In theory, there is an answer to this tactic: the Europeans can stick together. As the authors of the ECFR report argue, the EU could refuse to make trade concessions unless Beijing opens up its own markets. Also, it could refuse to lift the current arms embargo on China until Beijing promises to cooperate over European security concerns in Iran or Africa.

But this confrontational approach, although beguilingly simple, is also guaranteed to fail. Europe is the victim of wider historic trends that can neither be ignored nor wished away.

Paradoxically, the Chinese used to be the EU's most fervent supporters. During the long decades of the Cold War, China hoped that the EU could provide a counter-balance to the US and the then Soviet Union, a third force in international relations. That was the moment when Europe could have forged a special relationship with Beijing. Unfortunately, that was also the moment when Europe preferred to examine its own navel.

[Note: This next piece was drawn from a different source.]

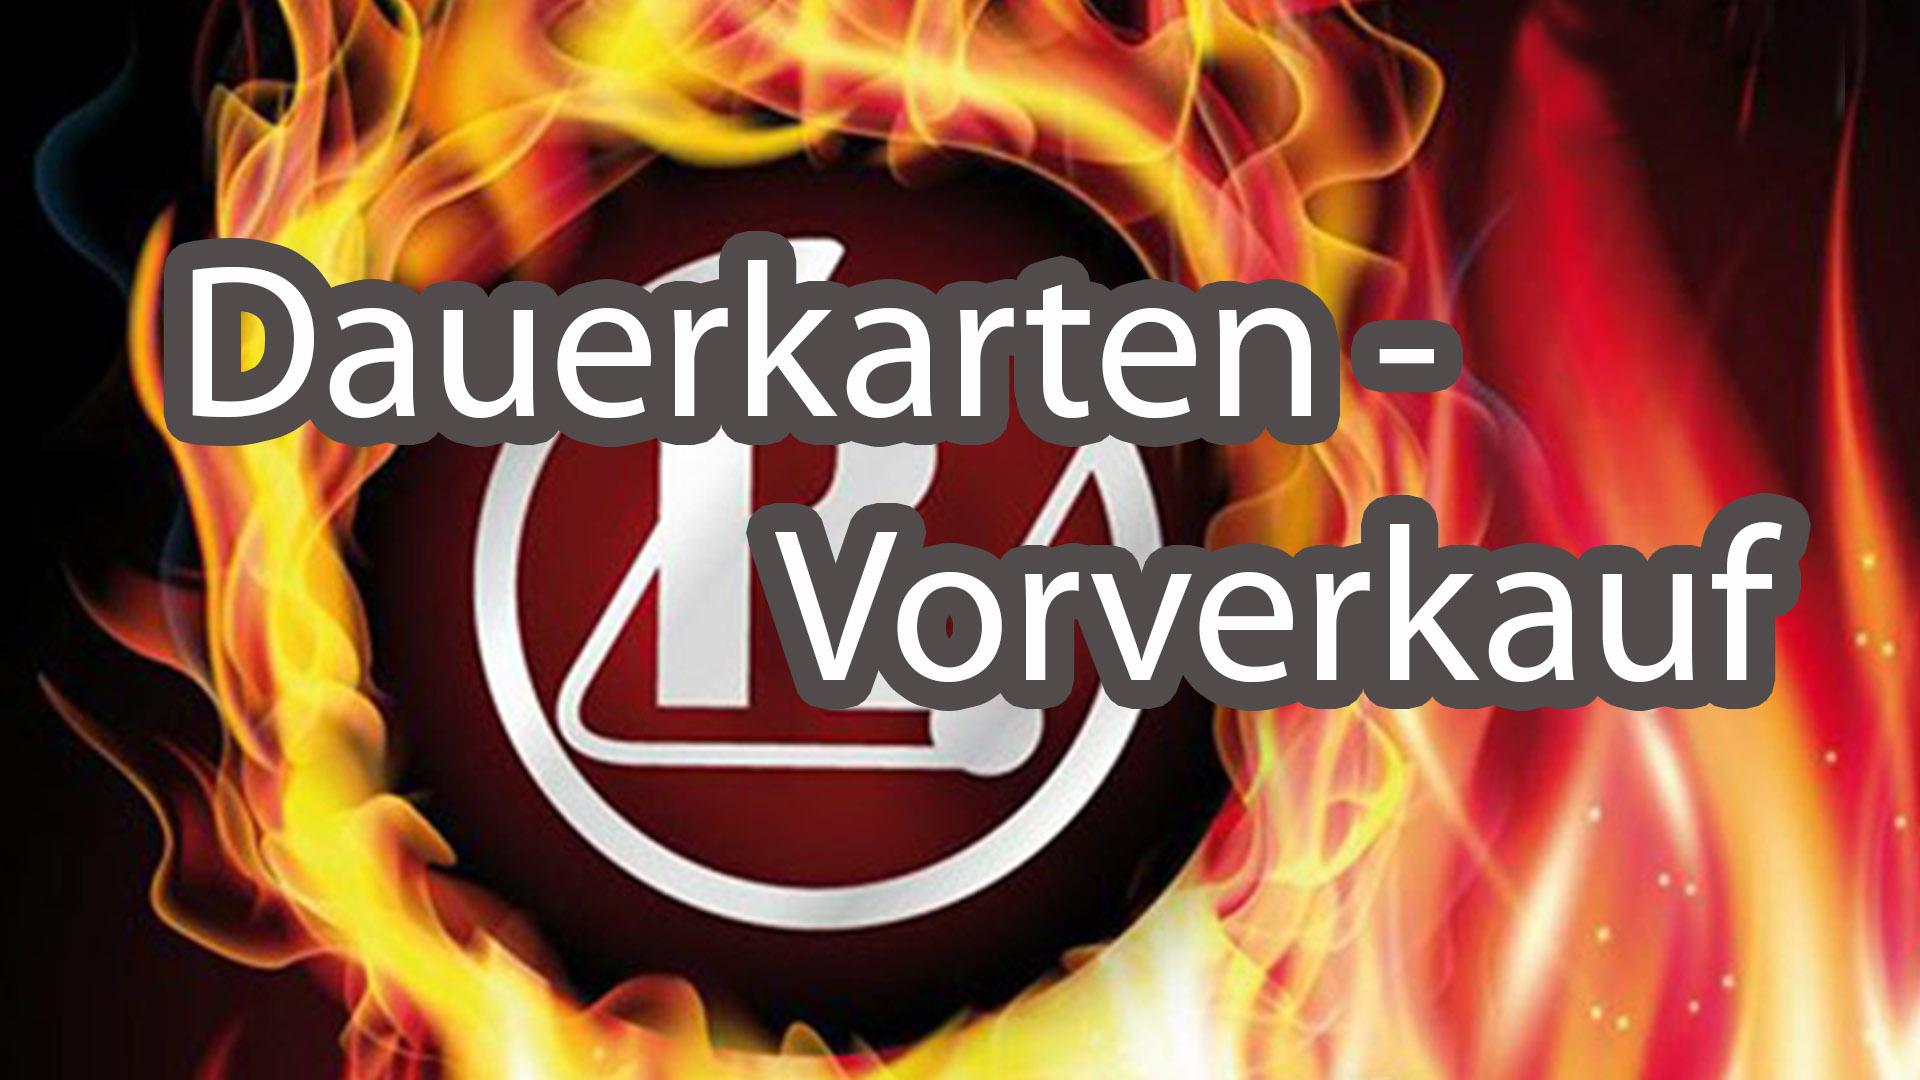 Dauerkartenverkauf für Bundesligakämpfe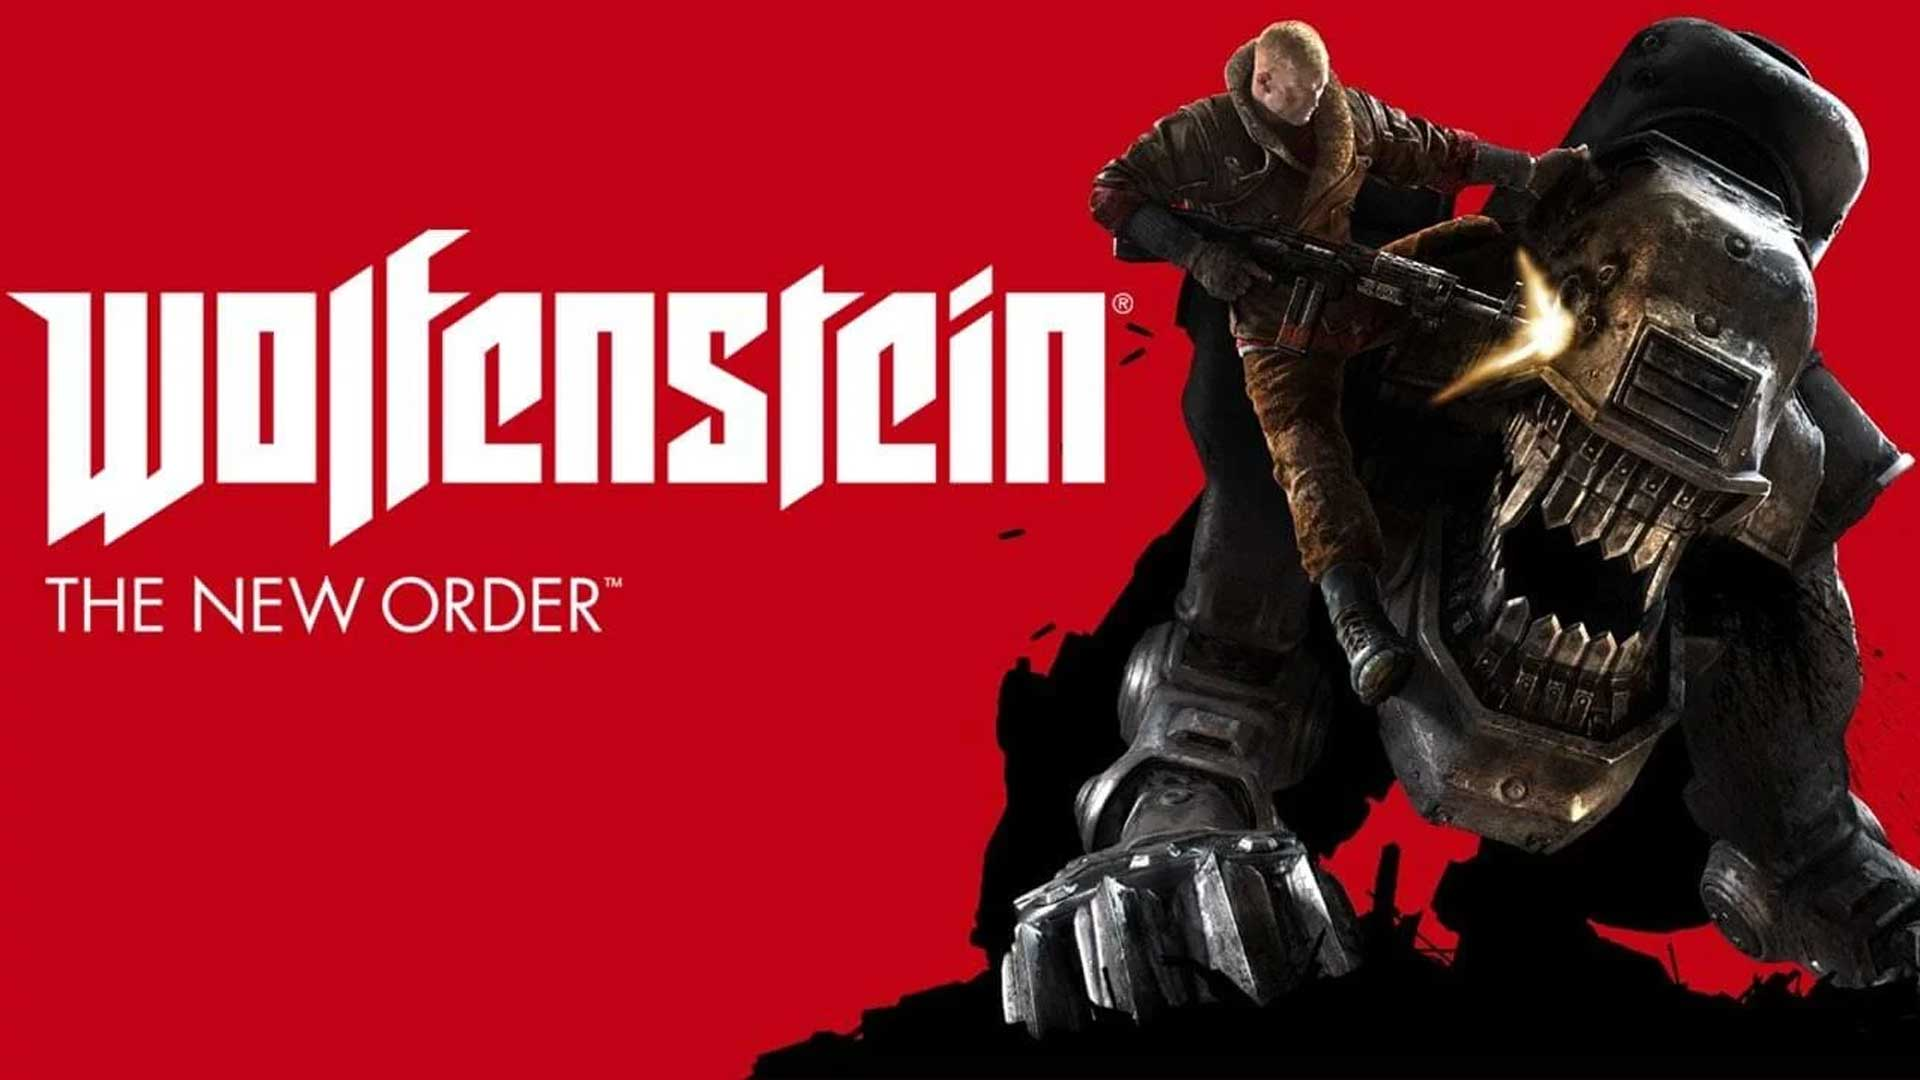 Гайд по игре Wolfenstein: The New Order - глава 1

That historic opportunity is unlikely to return. The Chinese have now reached a stage in their development when they no longer need the EU to counter-balance America: Beijing can do this on its own. And the rise of other powers has further diminished Europe's importance. So the Europeans are proposing to get serious about China just when Beijing no longer needs them.
And despite all their pretences, the Europeans still do not understand what makes China tick. Although all EU member-states have embassies in Beijing, only a handful have any serious presence throughout Asia. Very few European foreign ministries employ Chinese speakers or experts. And only a tiny minority have either the capacity or interest to think in global terms.
The result is that Europeans often make decisions without even sparing a thought as to how they could affect China.

At the last G-20 summit in London, for example, the Europeans wanted to isolate offshore financial centres - the so-called 'tax havens' - oblivious to the fact that China, with its interests in Hong Kong and Macau, was never likely to accept this. It took US President Barack Obama to broker a deal, leaving the Europeans to fume on the sidelines.

The same applies to Europe's grandstanding on human rights. Not one EU official believes that the 'dialogue' with Beijing on such matters can produce any results. But talks continue, because nobody agrees what should replace them.

As the report from the ECFR correctly points out, 'Europe's approach to China is stuck in the past'.

Yet the future still does not lie in confronting Beijing. Rather, it has to start with the Europeans understanding that they never had the slightest hope of 'changing' China, and they no longer have the luxury to choose how or when to engage with Beijing.

This may not be a pleasant conclusion for the 'old continent'. But it remains a necessary one.